二十年ぶり……もしや私と同じように…いや、考えすぎか。

『………で、あのー。状況説明してもらっても?』
「……俺の読みは合ってたみてえだ」
『はい?』
「お会いできて光栄だ。元十番隊隊長旭椎名さん」

そこで私は目を見開く。

『…どゆこと?』
「俺も元十番隊長なんだよ、と言っても旭隊長の随分後になるけどな」

えええマジですか。まさかの元十番隊隊長…。確かによく見れば肩にかかっている白い布は隊長羽織。…でも何で知って、と言いかけて止める。私の写真でも見たんだろう。それくらいは資料にあるはずだ。

『名前は』
「黒崎一心だ」
『一心さん、か。今まで通り、私のことは椎名で』
「分かった」

軽く握手する。その手には確かにマメがついていた。メスじゃこうはいかないだろう。剣を握る証だ。

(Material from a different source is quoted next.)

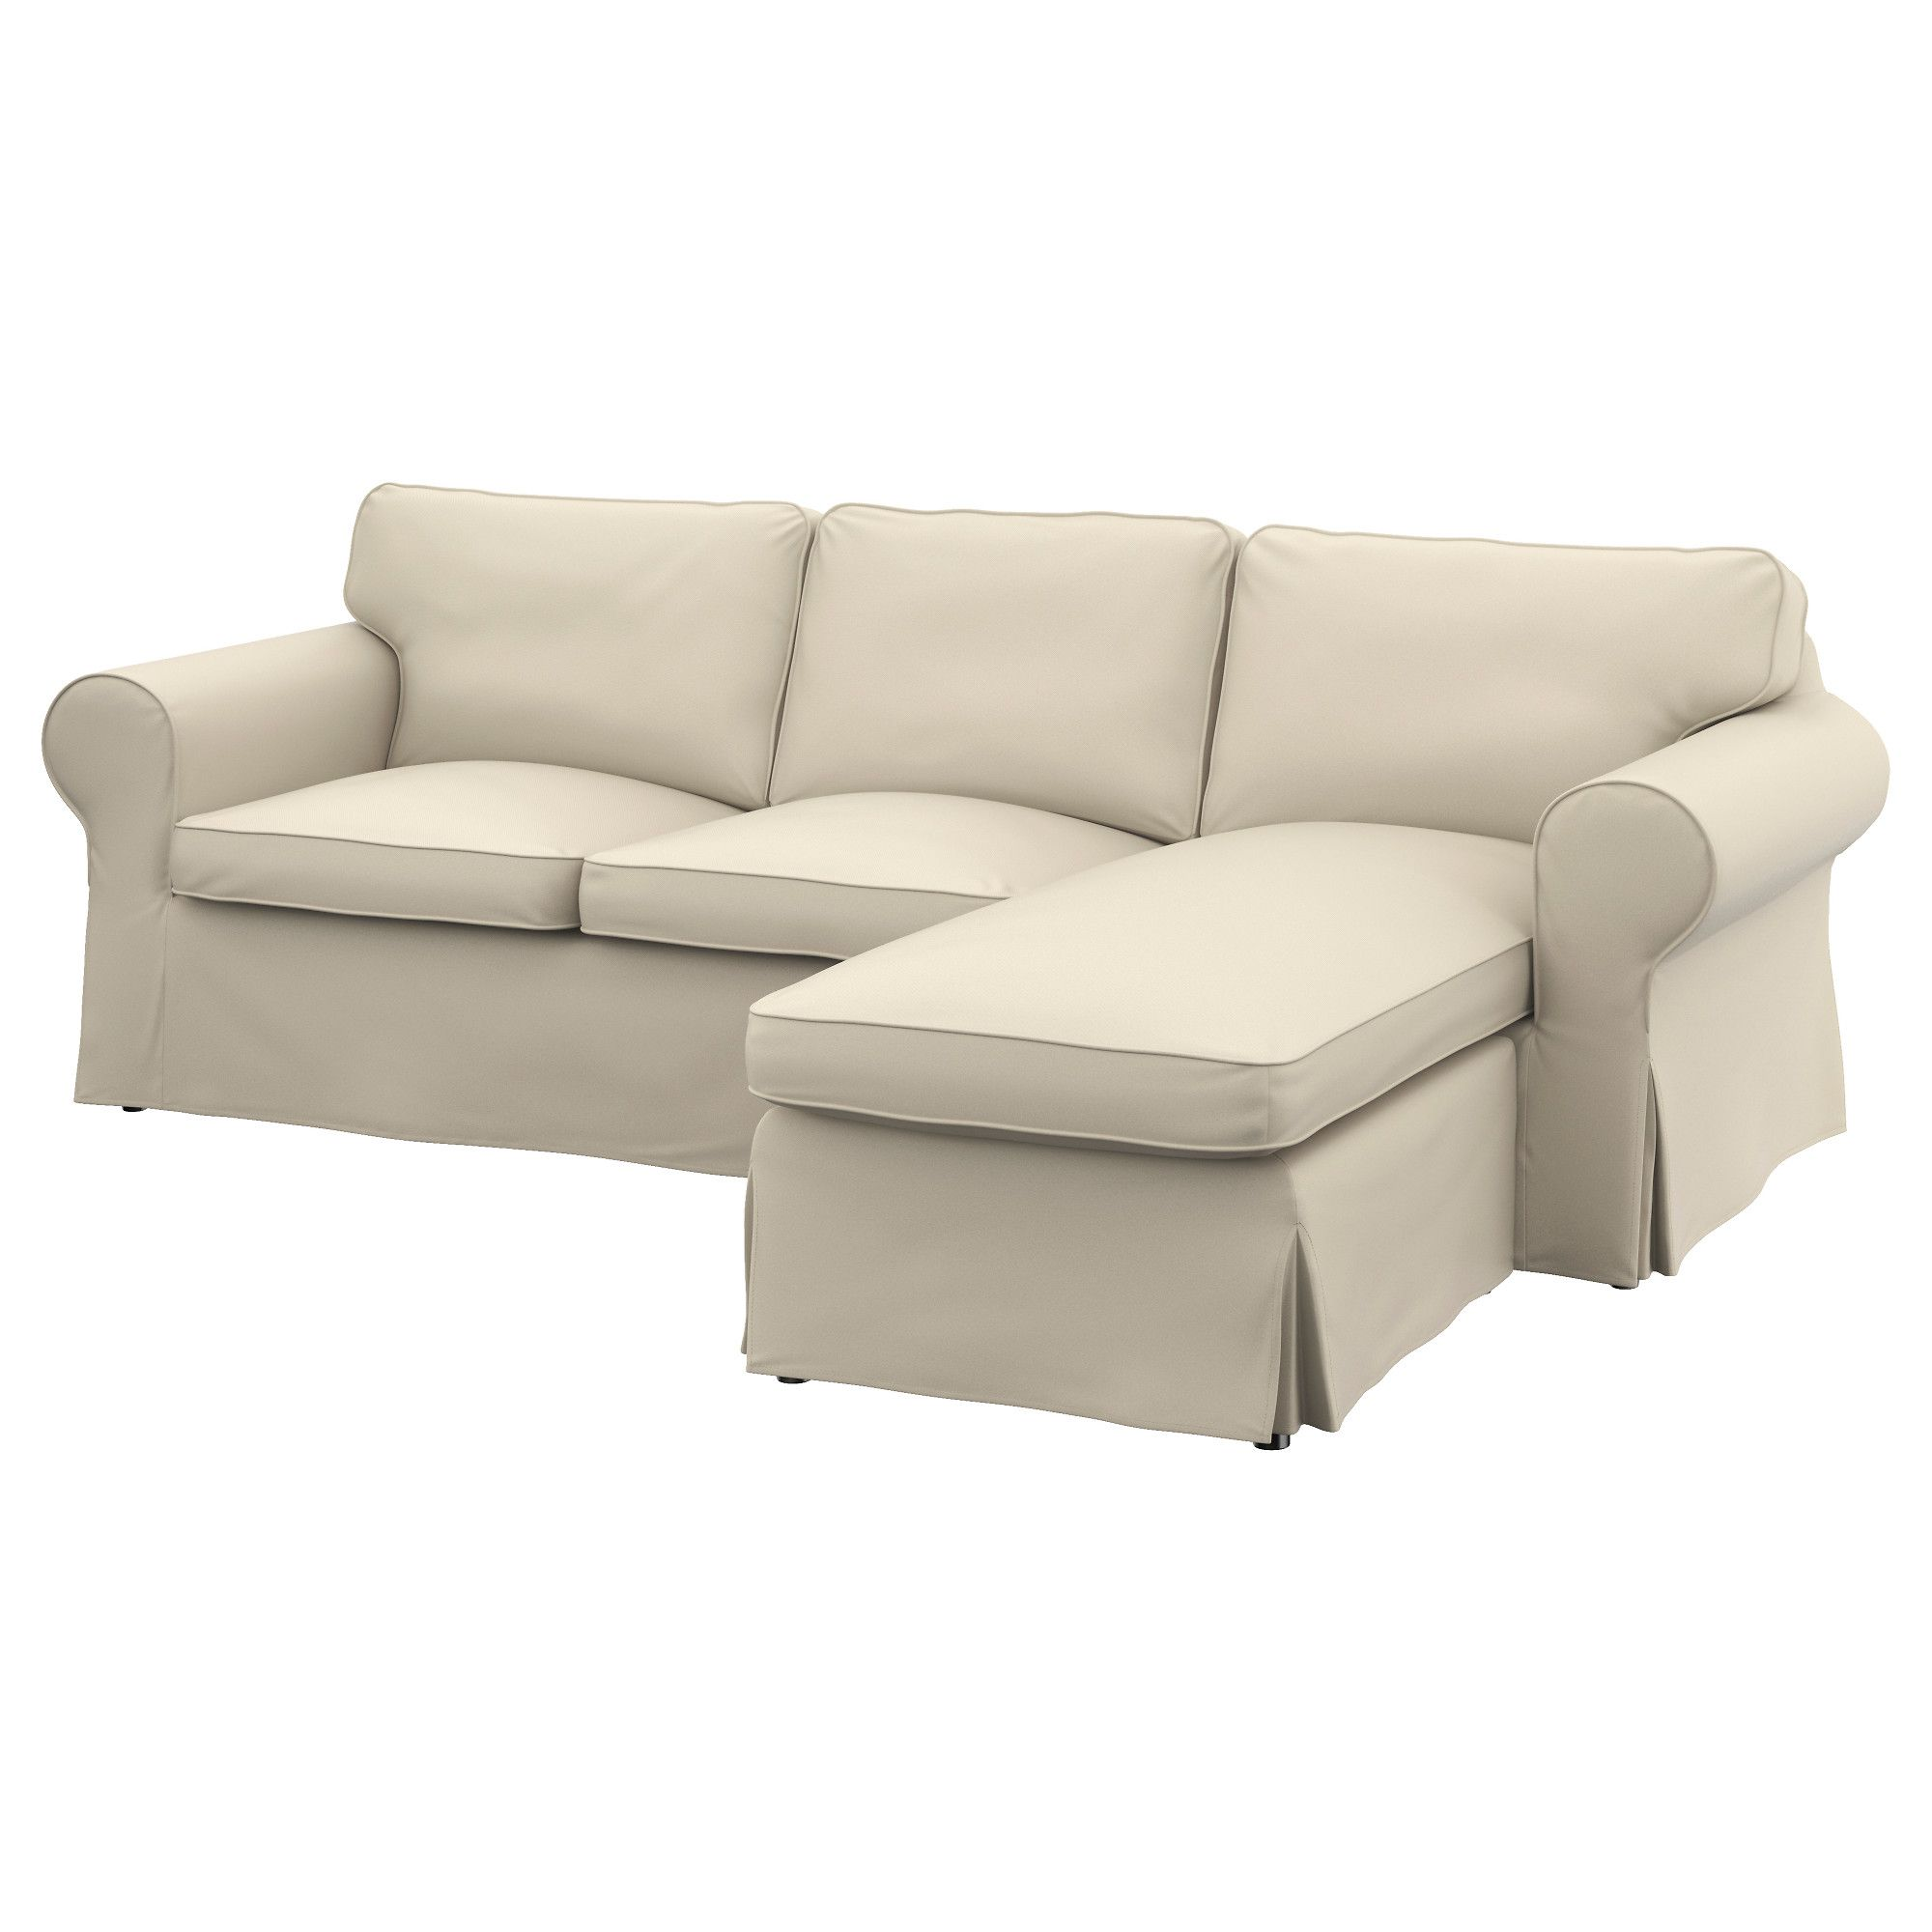 Ikea Ektorp Cover Two Seat Sofa W Chaise Longue Furniture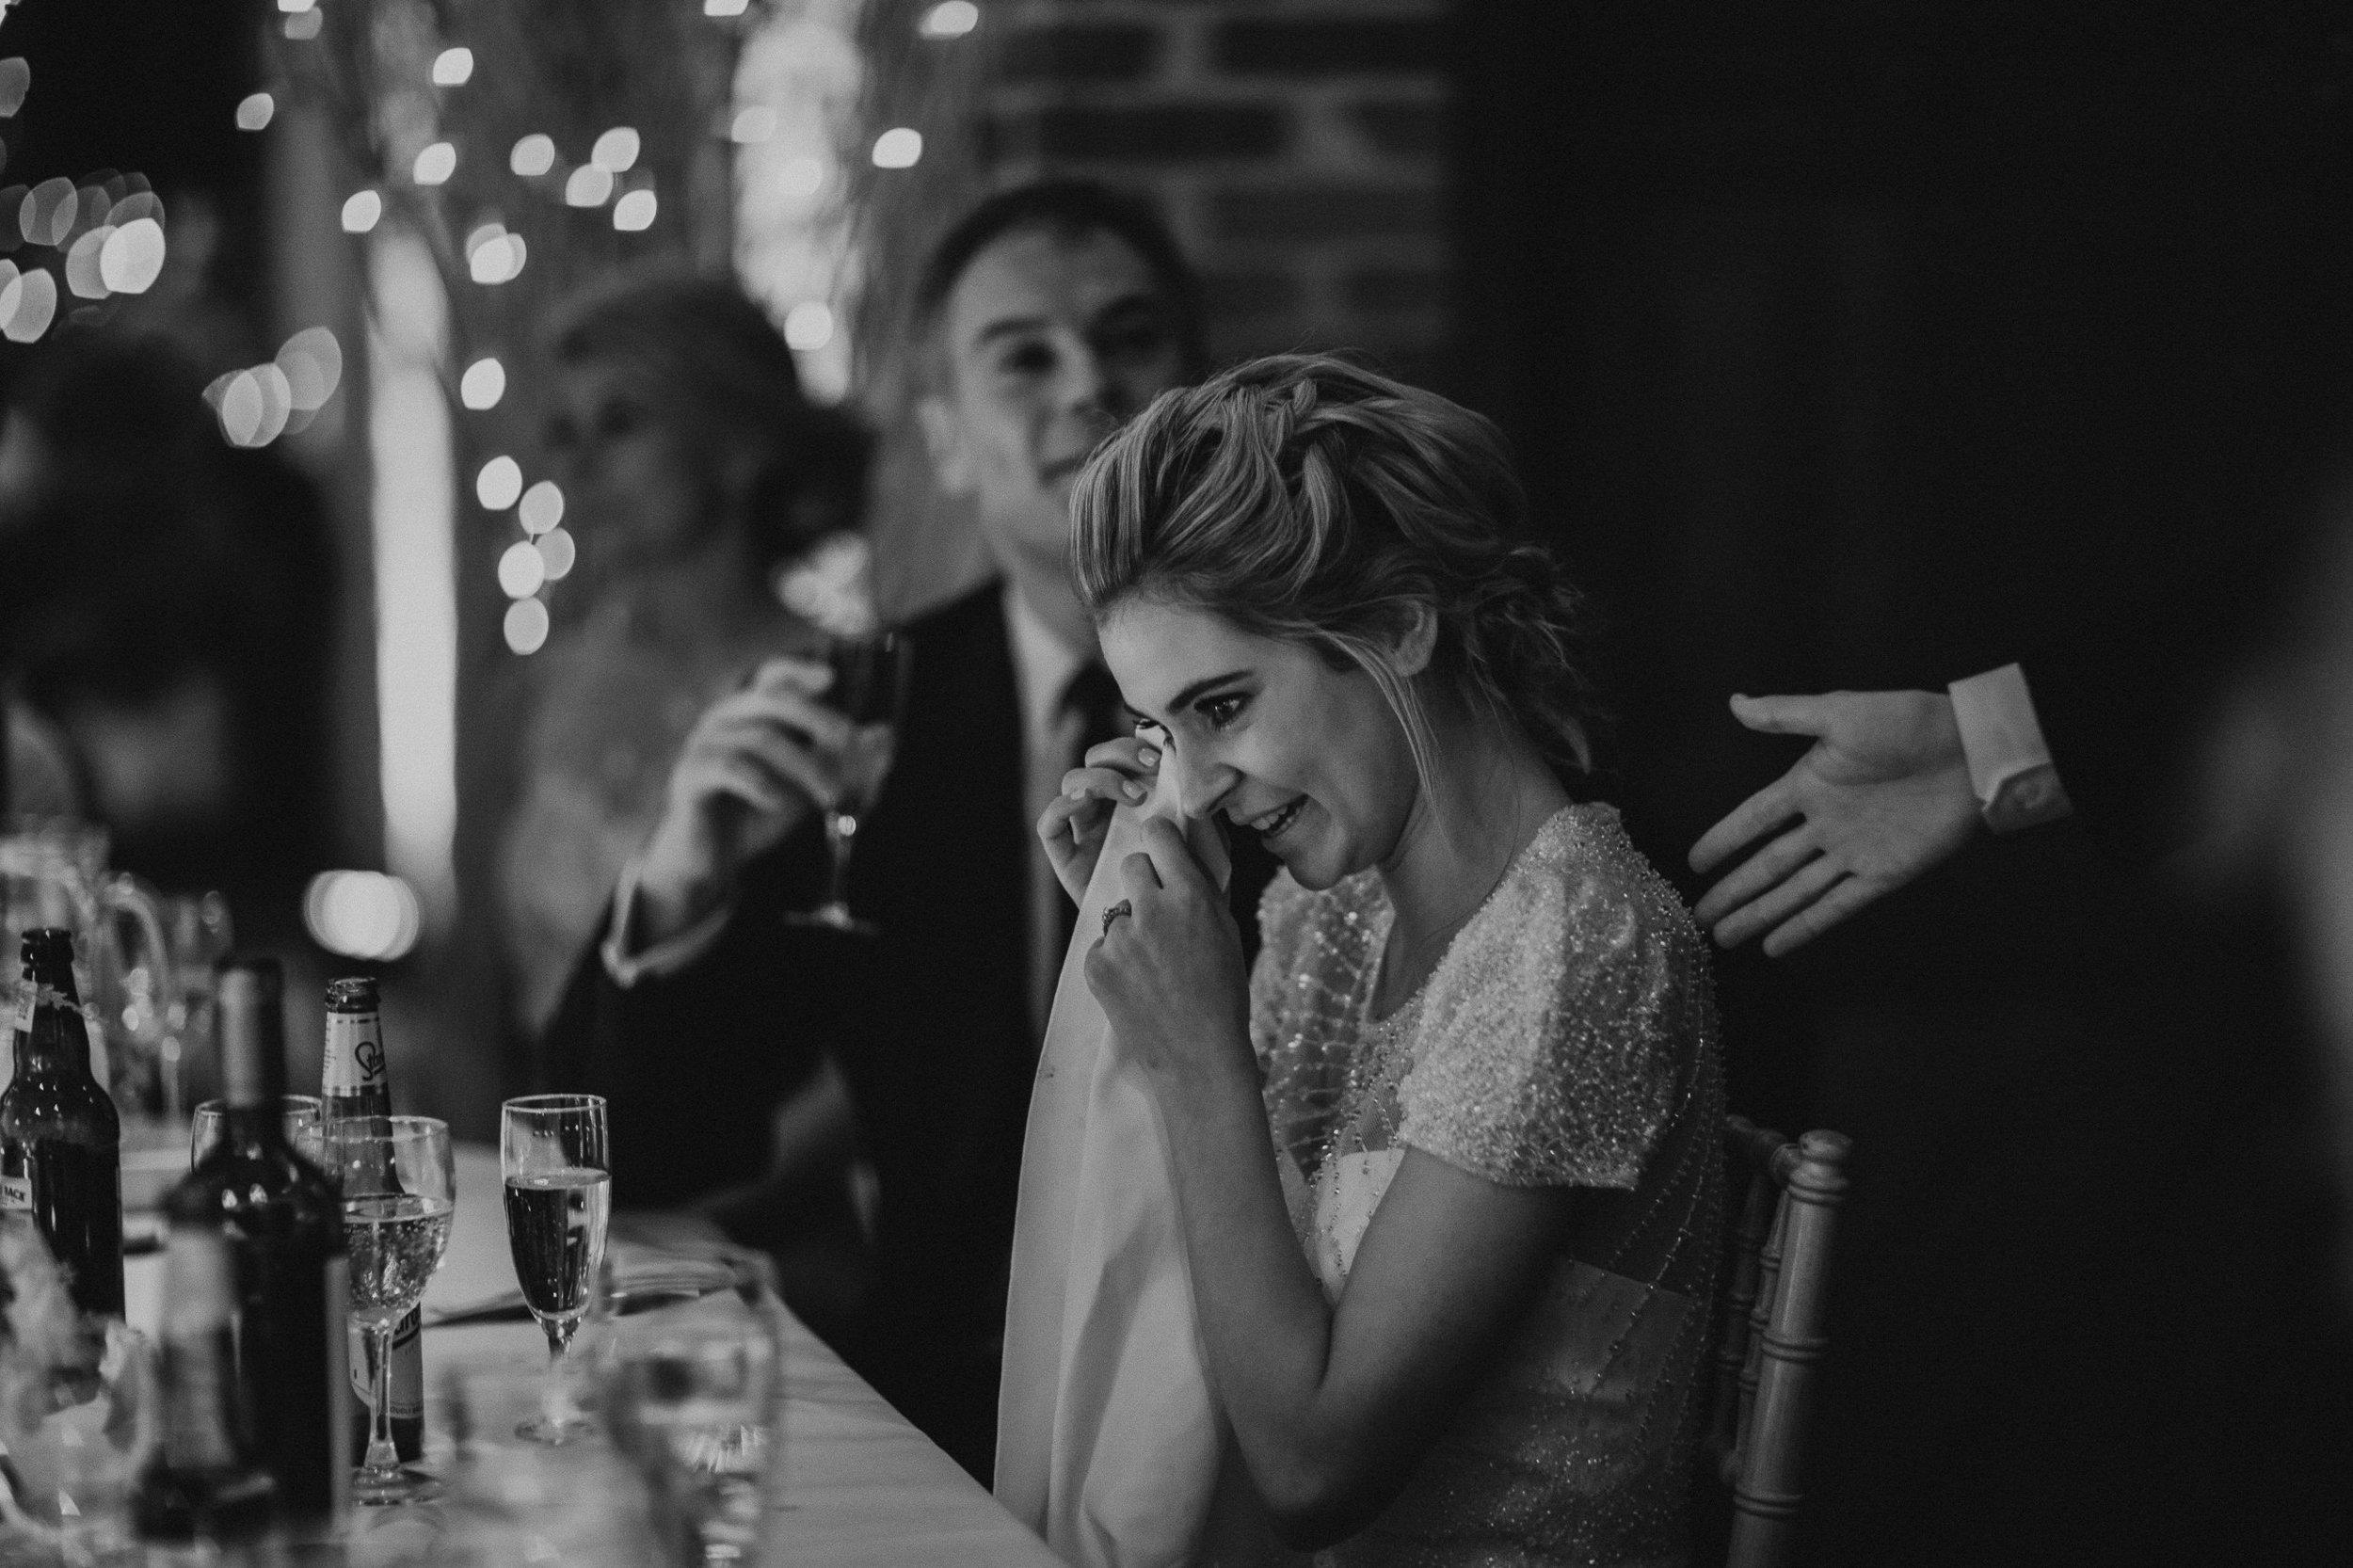 Jenny Packham dress Bury Court Barn Hampshire Wedding Photographer Gione da Silva_024.jpg

一心さん、一護の父親は死神…つまり一護は真血。なら、あの霊圧の強さも納得か。でもなぜ。
一心さんにそんなそぶりはなかったし。…元十番隊隊長というならばなぜここにいる。…まぁ私も人のことは言えないが。
考えることはたくさんあるが、今はいいか。

『さっきの大虚は?』
「"破面(アランカル)"」
『破面!?』

一心さんの言葉に目を見開く。
破面は確か、虚の中でも希に現れる奇行種のようなものだ。白い仮面を自ら外したもの…または何らかの原因で外れたもの。
どちらにせよ、さっきの破面は今まで見てきたものとはレベルが違う。

『でもあんなにまともに話せるのなんて』
「あァ、今迄に見た破面もどき共とは完成度はまるで別物だ。何十年も進歩の無かった破面もどき共のレベルが、ハネ上がってんだよここへきていきなりな」
『それはつまり…誰かが意図的に?』
「ああ」

私の答えに一心さんは深く頷く。
そんなことする奴はアイツしかいない。

『藍染、か』
「…ああ」

拳に力が入る。すると隣の喜助さんが不安げにこちらを見た。…ああ、まだ手を握られたままだったか。少しだけ落ち着くと、拳を緩める。

「あいつが"破面"もどき共に接触し、真の"破面"を創り出そうとしてるってことだ。"崩玉"の力を使ってな」

崩玉…。浦原喜助が生み出してしまったとんでもない産物。多分、町の一つや二つ消せるんだろう。
尚も一心さんは続ける。

「レベルはハネ上がったが霊圧の濁り具合で判る。あの破面はまだ未完成だった。恐らくは"このレベルでどの程度戦えるか"ってデータ集めの為に出してきた試作品だ」

実験、か。今もどこかで藍染はこの光景を見ているのだろうか。嫌な笑みが頭に浮かんだ。

「今でこそあのレベルだが、"崩玉"の力は絶大だ。奴はすぐに研究を終えるぜ。そして完成した真の"破面"と大虚の軍勢を従えて」

"世界を潰しに現れる"

そう一心さんは言う。世界を潰しに…藍染ならやるだろう。己の高みの為に。